Creating an OER Audiobook Version

This is an excellent initiative that could impact our efforts for internationalizing OER. I would like to learn more and contribute idea. How can I help?

What a great discussion! I used Natural Readers to auto-generate audio versions of each of the chapters of my OER textbook. I had to get the commercial version (I can’t remember exactly, but when I read the fine print it seemed this was required even for an OER project based on how much it would be shared). The quality of the voices was much better with that version and I was able to write a few months of the cost into one of my grants.

Thanks Anna, there’s a whole raft of these AI audio from text services… but checking out Natural Readers and the voices are pretty good, style synthetic… which voice did you use? Can you share a link to an example so others can see what a voice read OER chapter sounds like?
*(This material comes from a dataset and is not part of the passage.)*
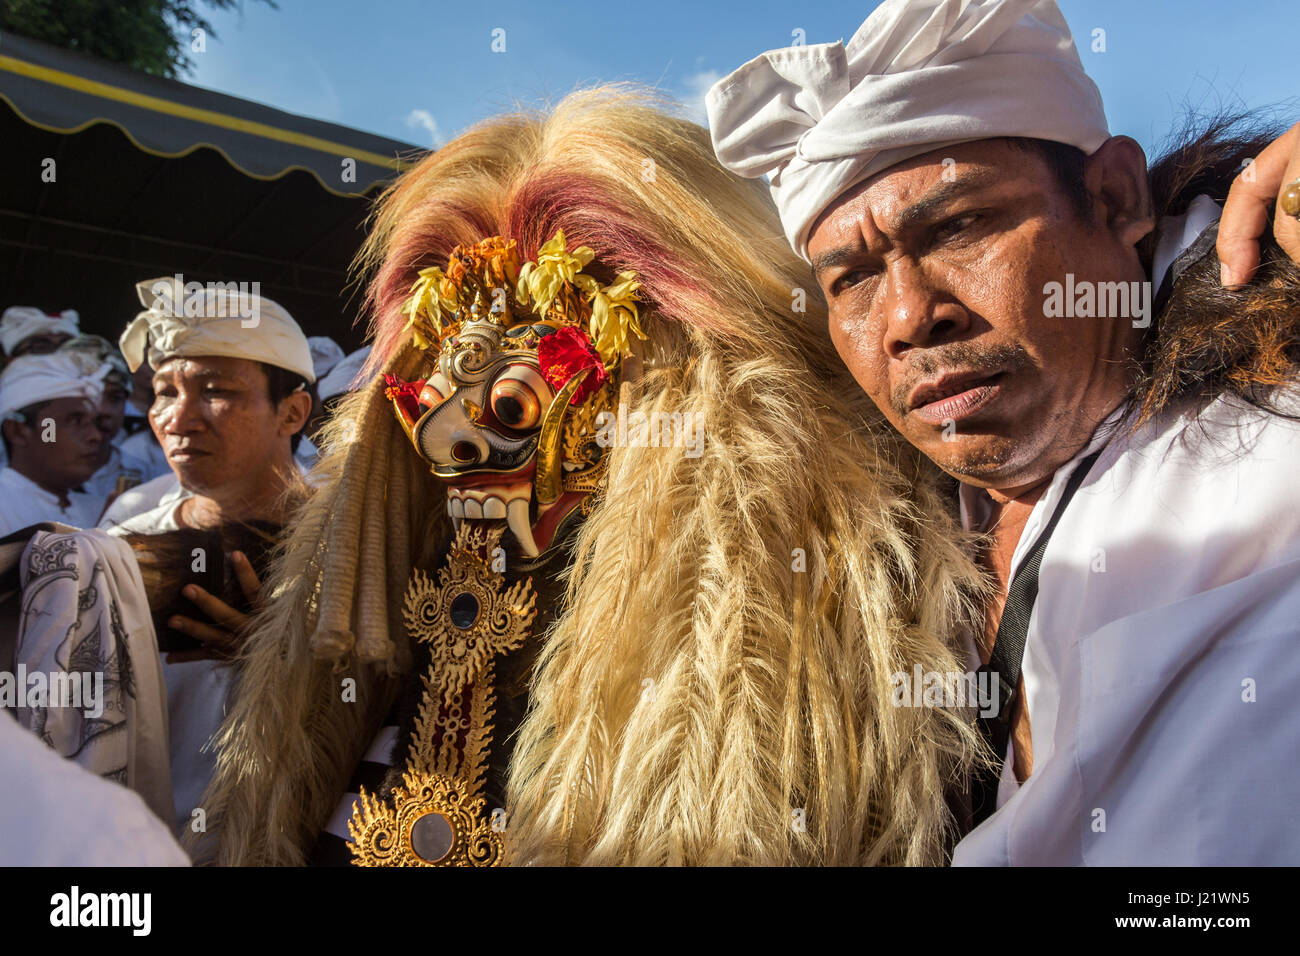 Kesiman, Denpasar, Bali, Indonesien. 23. April 2017. Balinesische Mann hilft Rangda die Dämon-Königin der Hexen während der Trance bei Messer-Ritual der Sakral an der Pengerebongan-Zeremonie selbst. Dieses Ritual findet alle 210 Tage auf dem hinduistischen Balinesen Saka-Kalender die Gebete und Opfergaben, eine Parade von mythologischen Figuren, Männer und Frauen in Trance mit einigen Männern, die versuchen, ihre Haut mit einem traditionellen Keris (Messer) durchbohren mit sich bringt, zum Glück niemand wird verletzt bei dieser unglaublichen balinesische Zeremonie in Pura Petilan Tempel, Denpasar, Indonesien. Bildnachweis: Antony Ratcliffe/Alamy Li Stockfoto

I played a bit with trial version of Murf – my idle curiosity is about what / how AI is used in this technology? I mean voice generator tech has been built into my Mac since like 2010, I have previously used the say command to generate audio from text.

And I know a number of people who still blog use services like Trinity Audio to do automatic voice generated text from their writings – I thought of @clintlalonde who’s blog I saw this on first (example) and Trinity has no indication it is AI flavored. My guess is that in theory/wild guessing, the Natural Language Processing of AI can perhaps generate audio that is less robotic ? That’s what I infer from

What would be interesting to know from people who use generated audio to read, is, what makes the audio most useful? Does it help to have a more human voice, or is robotic good enough?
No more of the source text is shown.